周三,我的独处。
按照约定,我回到出租屋享受完全属于林晓晓的时光。下午三点,我下楼买茶——这是仪式感的一部分,就像沈清歌的晨跑一样不可动摇。
茶店的小哥已经认识我:“老样子?芋圆茶,半糖去冰?”
“今天换杨枝甘露。”我说,想尝试点新东西,就像我的人生一样。
等待时我低头刷手机,闺蜜发来消息:“所以你真要和假千金跳第一支舞???这是什么新型PLAY?”
我回复:“这叫社交礼仪。”
“屁,这叫公费谈恋爱!”
我笑着关掉手机,接过茶。走出店门时,一辆黑色商务车突然停在路边。车门滑开,两个戴墨镜的男人下车,动作快得我来不及反应。
“林小姐,沈先生请您过去一趟。”其中一个说,语气礼貌但不容拒绝。
“哪个沈先生?”我下意识后退,“我不认识——”
“您父亲。”另一个直接抓住我的手臂。
我的茶掉在地上,杨枝甘露泼了一地。我想喊,但嘴巴被捂住,整个人被塞进车里。车门关闭,世界陷入昏暗。
绑架。我脑子里跳出这个词时,荒谬感大过恐惧——我?一个昨天还在为五千块月薪投简历的人,值得被绑架?
车里还有第三个人,坐在副驾驶,回头看我:“林小姐别紧张,我们只是请您去和沈先生谈谈。”
“我父亲要见我,不需要这种方式。”我试图冷静,“你们是谁的人?”
那人笑了笑,没回答。车子驶入隧道,光线明暗交替。我快速分析:不是沈父的人,否则不会用“沈先生”这种疏离称呼。商业对手?仇家?或者是……针对沈清歌的?
手机在口袋里震动。绑匪看到了,伸手:“手机给我。”
我交出手机,看着它被关机,扔进一个小铁盒——信号屏蔽装置,还挺专业。
车子开了大约四十分钟,停在城郊一处废弃仓库。我被带进去,绑在椅子上,但没有蒙眼也没有塞嘴——他们似乎不担心我认出地方或呼救。

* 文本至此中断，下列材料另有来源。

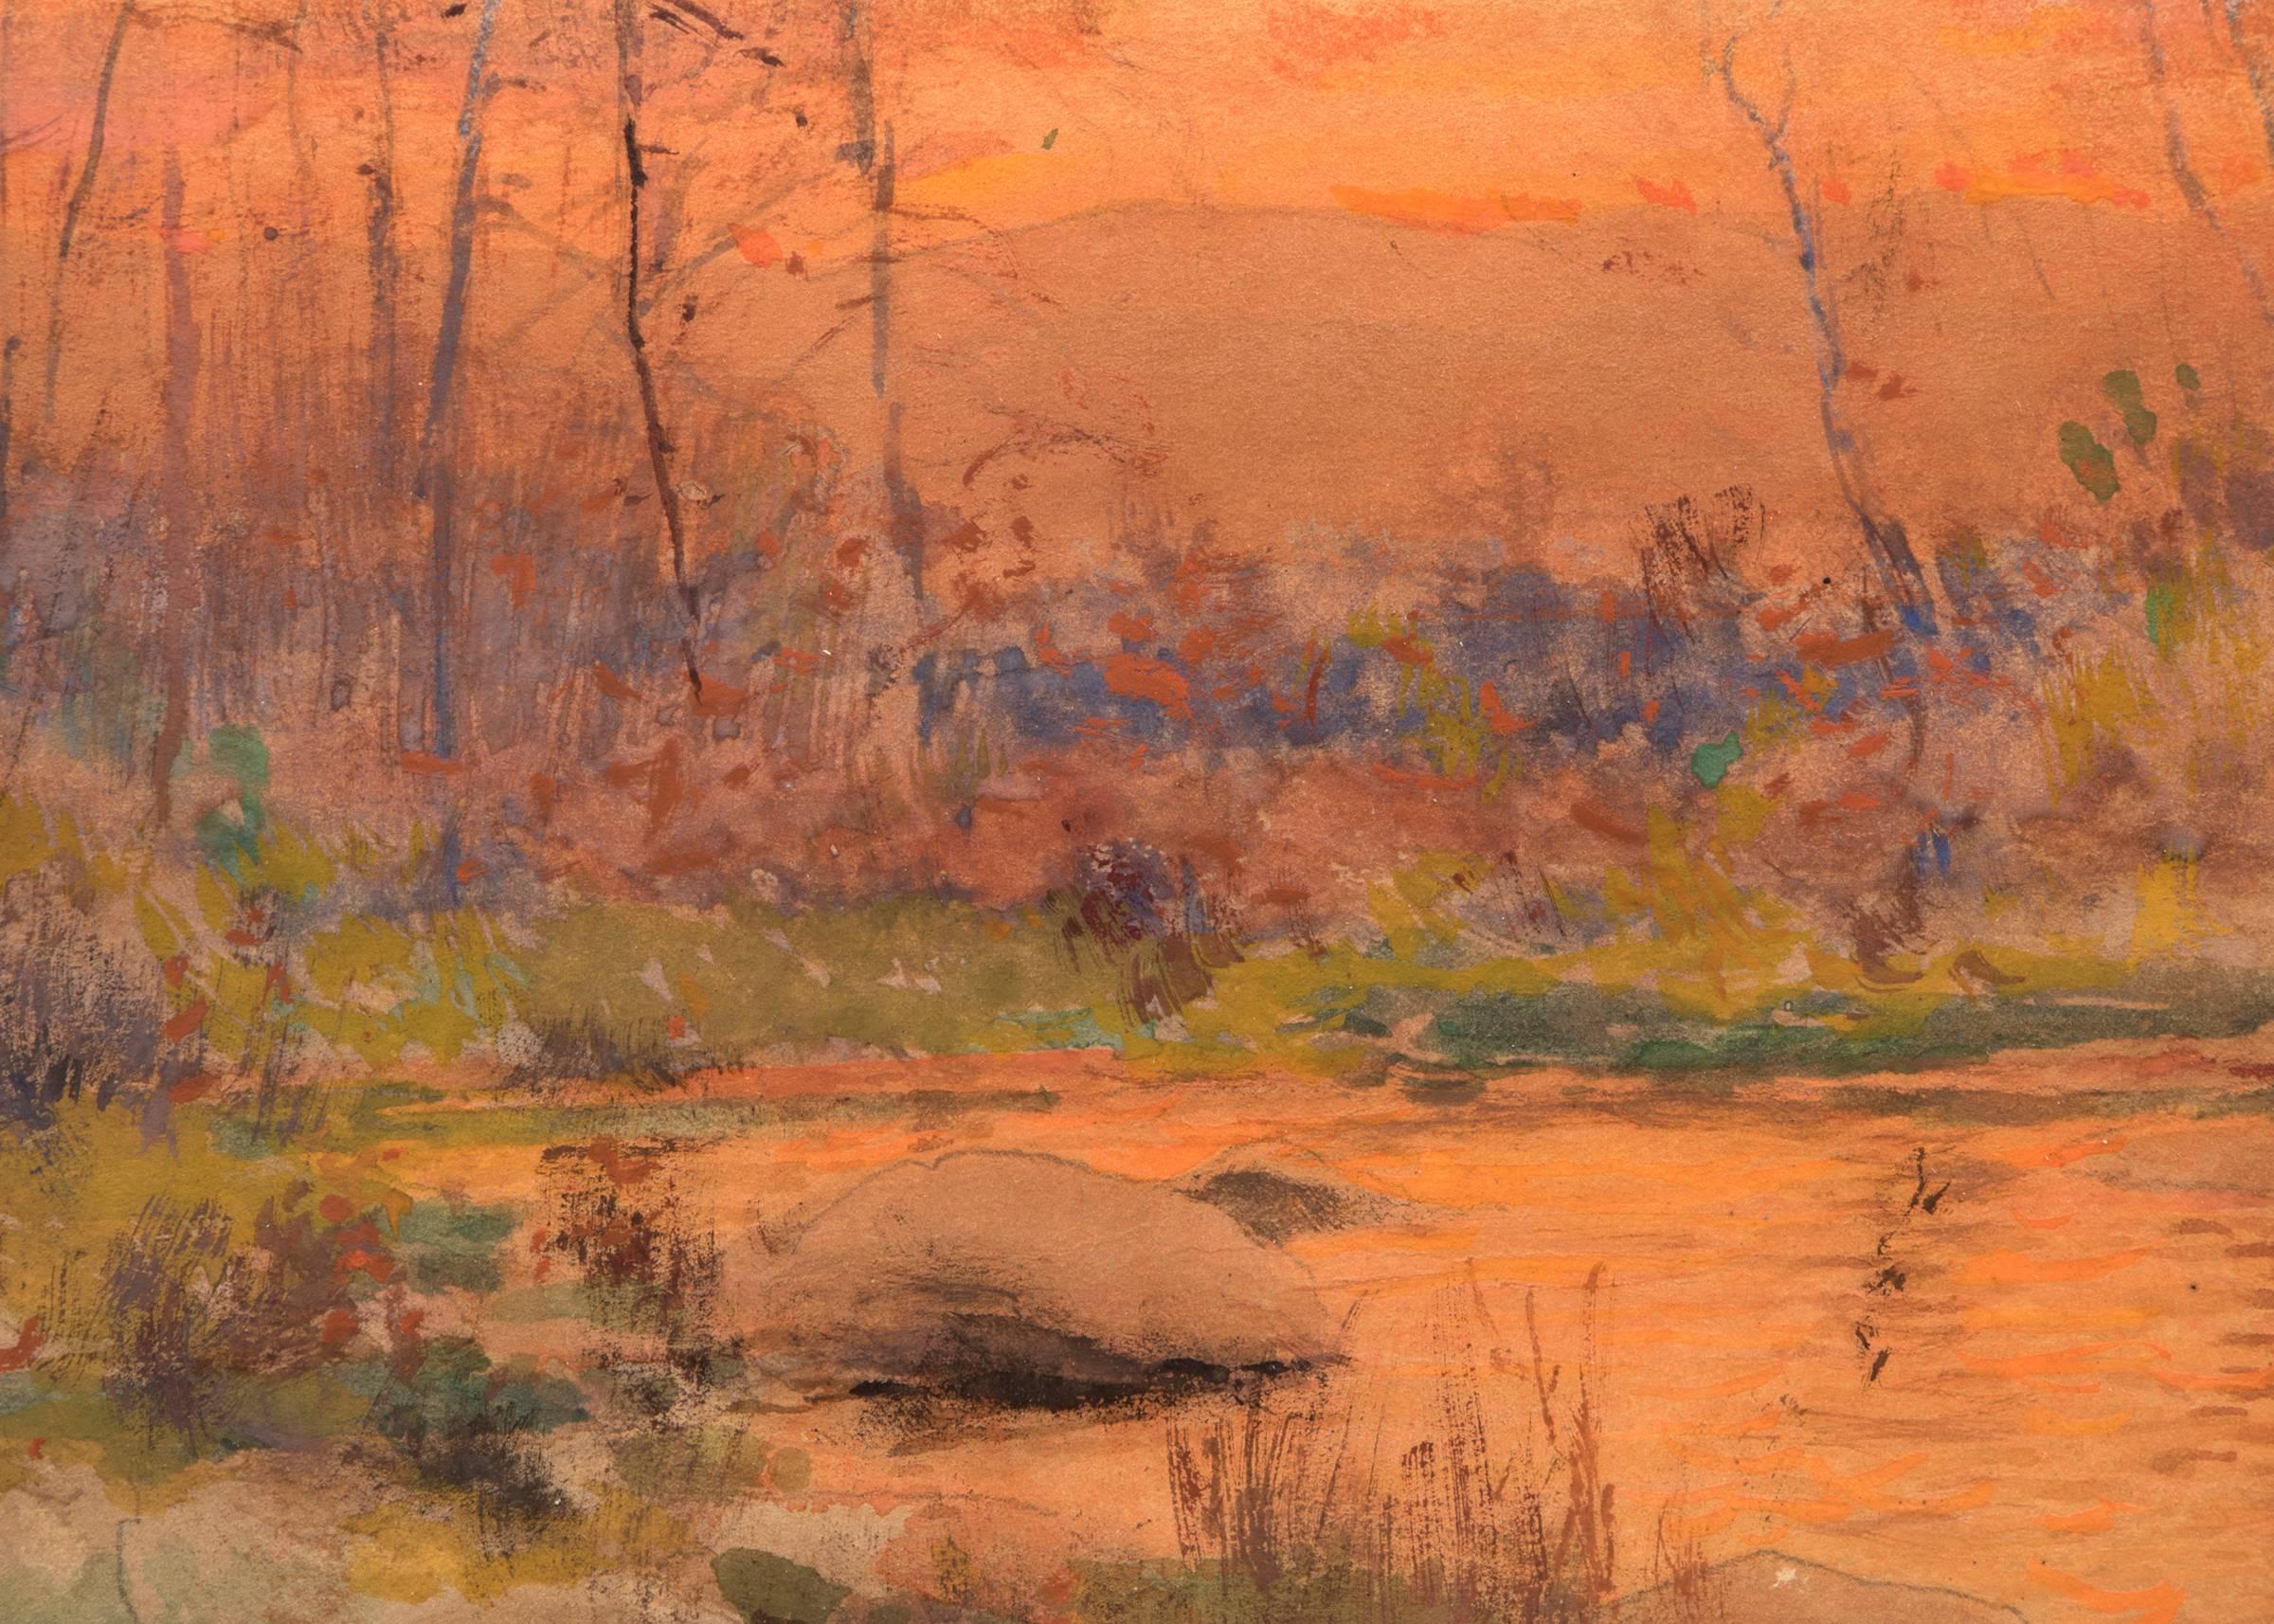 Untitled (River at Sunset, Colorado) - Hudson River School Painting by Charles Partridge Adams

仓库很空,只有几张旧桌子和满地灰尘。绑匪一共三人,看起来不像亡命之徒,倒像训练有素的保镖。他们在门口低声交谈,我捕捉到几个词:“……沈家……谈判……那个养女……”
目标是沈清歌。我是筹码。
这个认知让我稍微松了口气,随即又提起来——如果他们是冲着沈清歌来的,那她现在……
仓库门突然被推开。
不是绑匪同伙,而是一个穿着西装的中年男人,提着公文包,像个律师。他走进来,打量我一番,露出商业化的微笑:“林小姐,抱歉用这种方式请您来。我姓赵,代表我的老板,想和沈家谈笔生意。”
“什么生意需要绑架来谈?”我问,声音还算平稳。
“不是绑架,是邀请。”他纠正,“只是沈先生最近不太愿意见我们,只好通过您……牵个线。”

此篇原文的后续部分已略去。